Обливаясь потом, сделал еще два шага. В глазах потемнело. Стиснул зубы, чтобы не закричать. Судорожно подумал, что еще одного шага не выдержит. Подавив упрямство, Фарамор сначала попятился, затем развернулся и пошел обратно к мосту. Хотелось бежать, но он заставил себя не ускорять шаг. Глаза пылали гневом, руки тряслись.

Хитрец Хет стоял за мостом и смотрел, как приближается хозяин. Фарамор видел вышитую улыбку Хитреца, и ему казалось, что демон над ним насмехается. Ближе к мосту юноша побежал. Из горла вырвалось яростное звериное рычание.

Почувствовав недоброе, Хет заметался на дороге.

Фарамор с разбегу, изо всех сил ударил Хитреца мысом сапога. Кукла подлетела в воздух, завертелась и упала далеко в стороне от дороги в густую траву. В порыве ярости юноша собирался побежать за Хетом и еще раз наподдать ему, но гнев начал униматься. Фарамор нервно походил поперек дороги и сел в траву возле топора. Гнев превратился в досаду. Что могло так напугать его? Он вчера был возле монастыря и не испытывал никакого страха!

Хитрец выбрался из травы и, как ни в чем не бывало, направился к юноше. По кукле бегали муравьи, к рыжим волосам прилип прелый лист.

— Ты можешь пинать меня сколько угодно, — усмехнулся он. — Знаешь, мне даже не обидно… и уж тем более, не больно, но кукла эта сшита не из железа и рано или поздно порвется.
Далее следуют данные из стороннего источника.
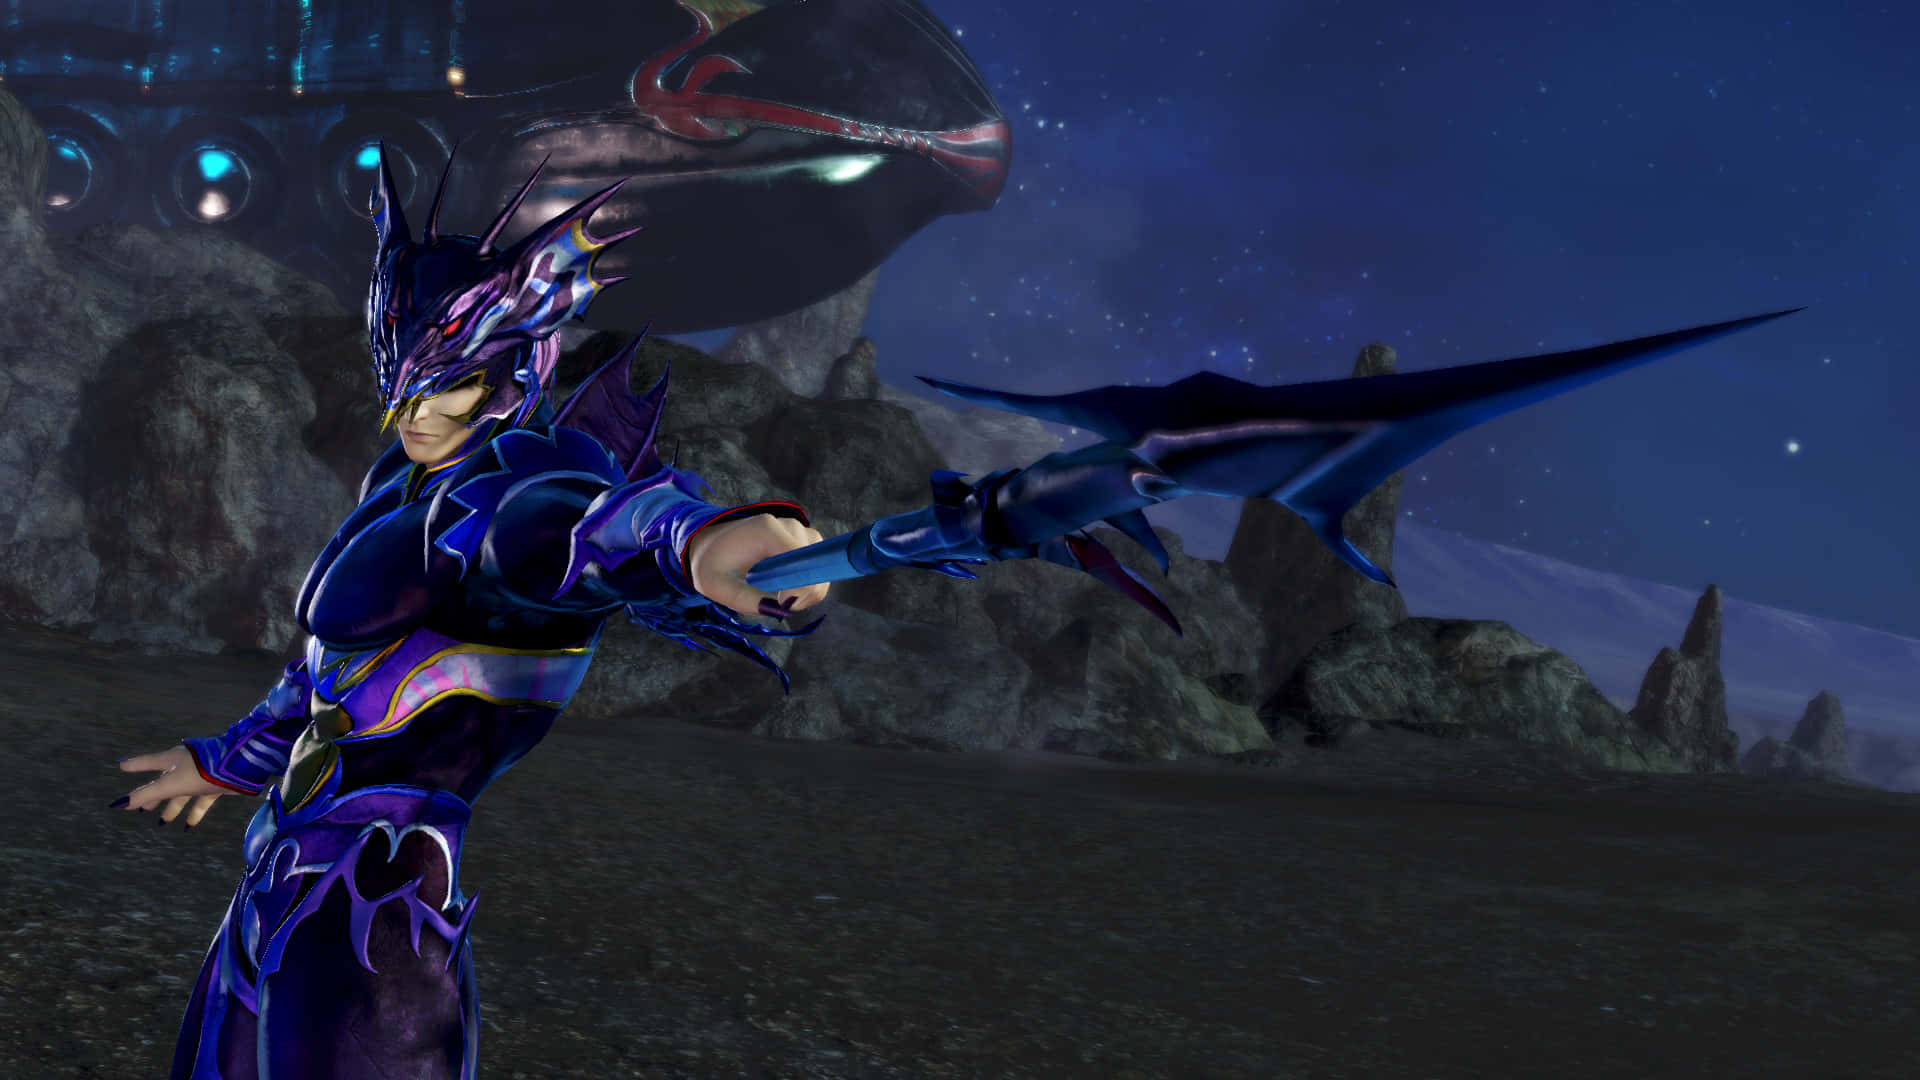 The Dragoon Knight, Kain Highwind In Action Wallpaper

А еще тебе следует научиться сдерживать гнев, не то твой путь очень скоро закончится. Темная Искра, не Темная, но без здравого смысла она ничто.

— Почему? — понуро спросил Фарамор.

— Да потому, что здравый смысл…

— Почему я испытал страх?!

Хет вытряхнул из волос лист и сел возле Фарамора.

— Страх, страх, страх, — с разной интонацией произнес он. — Здесь все просто. Монастырь находится на священном месте. Увы, но таким, как мы с тобой в такие места лучше не соваться. Ночью ты стал другим, а я вообще демон. Эти места слишком чисты для нас, — слово «чисты» Хет сказал с презрением. — Надеюсь, ты понимаешь, что я имею в виду?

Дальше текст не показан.